▶ [What needs to be done]
Where a picture appears in the data below, exclude it; restate everything else word for word.

▶ [Information shown]
* * * *

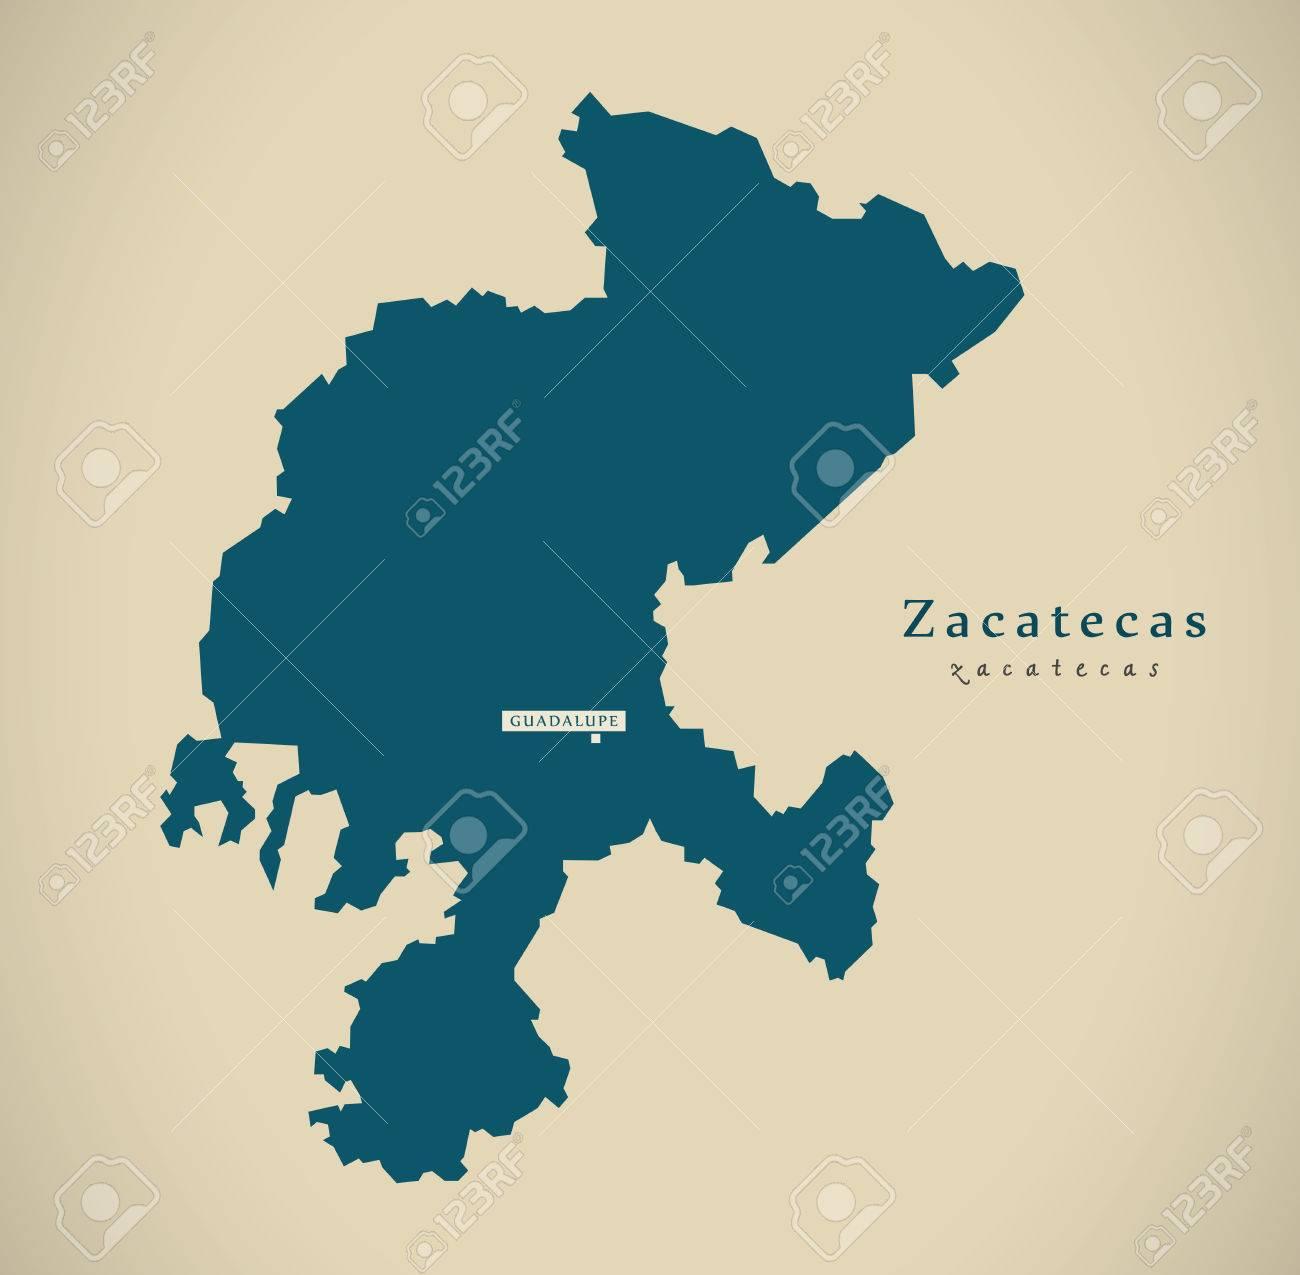 Stock Illustration on oaxaca mexico map, zacatecas satellite map, puerto escondido mexico map, tijuana mexico map, guerrero mexico map, chihuahua mexico map, michoacan mexico map, tamaulipas map, nochistlan zacatecas map, malinalco mexico map, acapulco mexico map, san luis potosí mexico map, zacatecas state map, cancun mexico map, morelia mexico map, guadalajara mexico map, jalpa zacatecas map, puebla mexico map, mazatlan mexico map, jalisco mexico map,
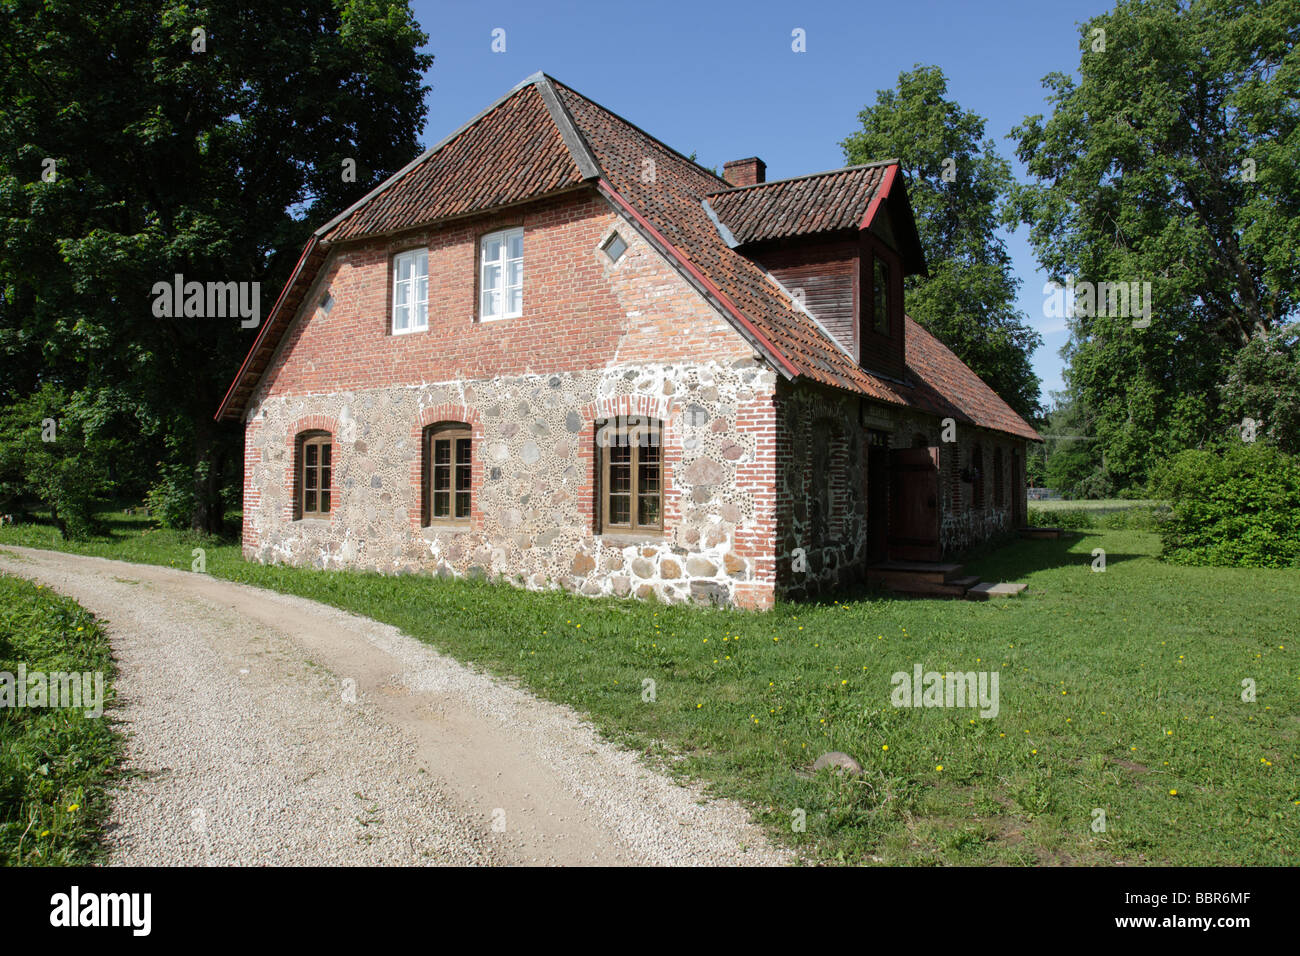 traditional house, museum at Heimtali near Viljandi, Estonia, Baltic Nation, Eastern Europe. Photo by Willy Matheisl - Stock Image
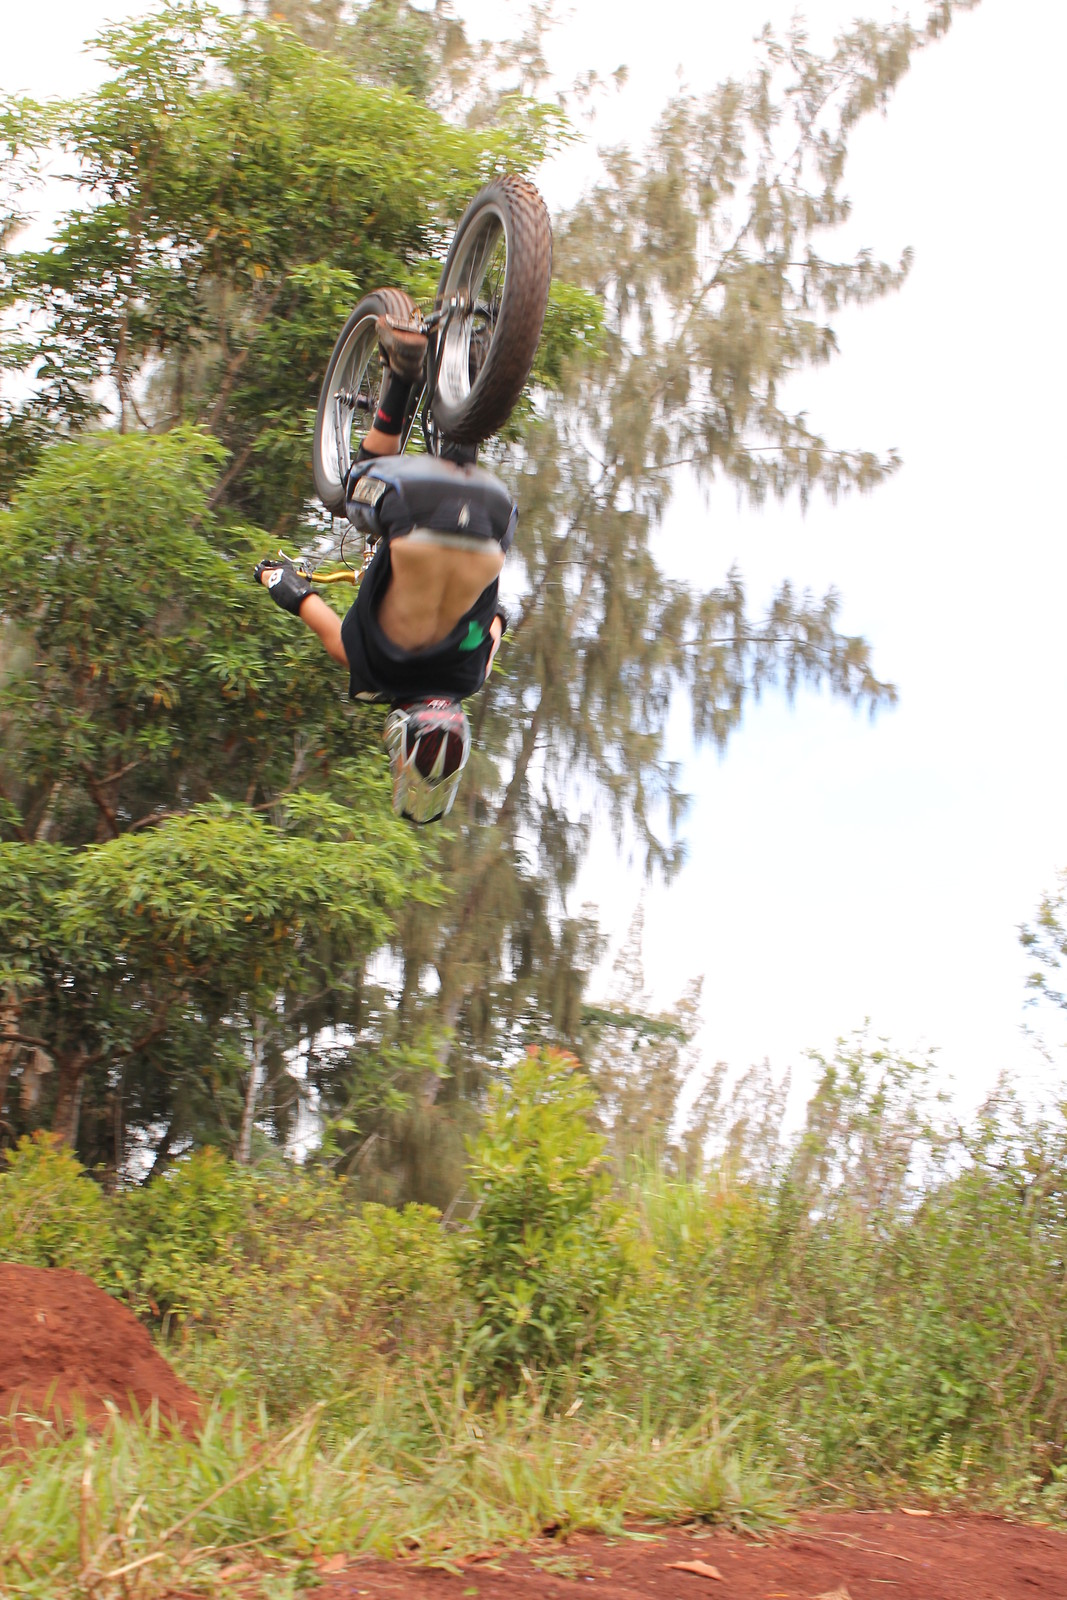 IMG 0473 - glenn.gamponia - Mountain Biking Pictures - Vital MTB
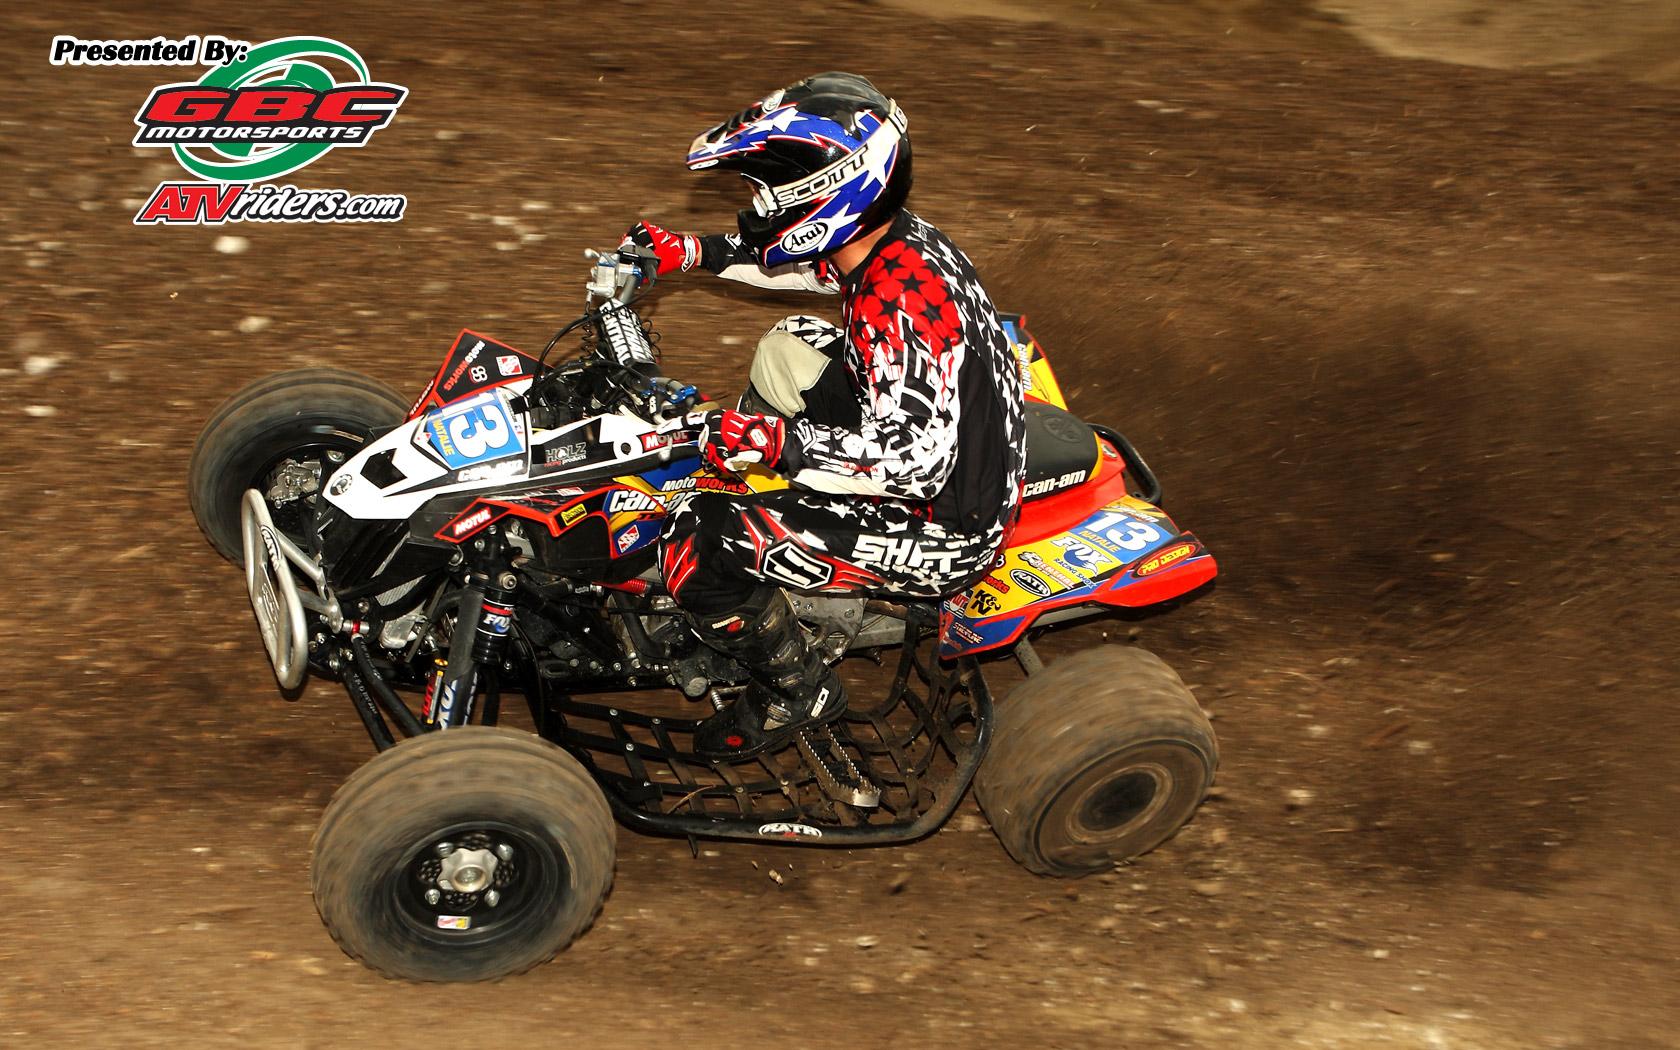 Fox Shoxs 13 John Natalie   AMA ATV Motocross Pro ATV Racer 1680x1050

* * * *

▶ [Written response]
 Stock Illustration on oaxaca mexico map, zacatecas satellite map, puerto escondido mexico map, tijuana mexico map, guerrero mexico map, chihuahua mexico map, michoacan mexico map, tamaulipas map, nochistlan zacatecas map, malinalco mexico map, acapulco mexico map, san luis potosí mexico map, zacatecas state map, cancun mexico map, morelia mexico map, guadalajara mexico map, jalpa zacatecas map, puebla mexico map, mazatlan mexico map, jalisco mexico map,
 traditional house, museum at Heimtali near Viljandi, Estonia, Baltic Nation, Eastern Europe. Photo by Willy Matheisl - Stock Image
 IMG 0473 - glenn.gamponia - Mountain Biking Pictures - Vital MTB
 Fox Shoxs 13 John Natalie   AMA ATV Motocross Pro ATV Racer 1680x1050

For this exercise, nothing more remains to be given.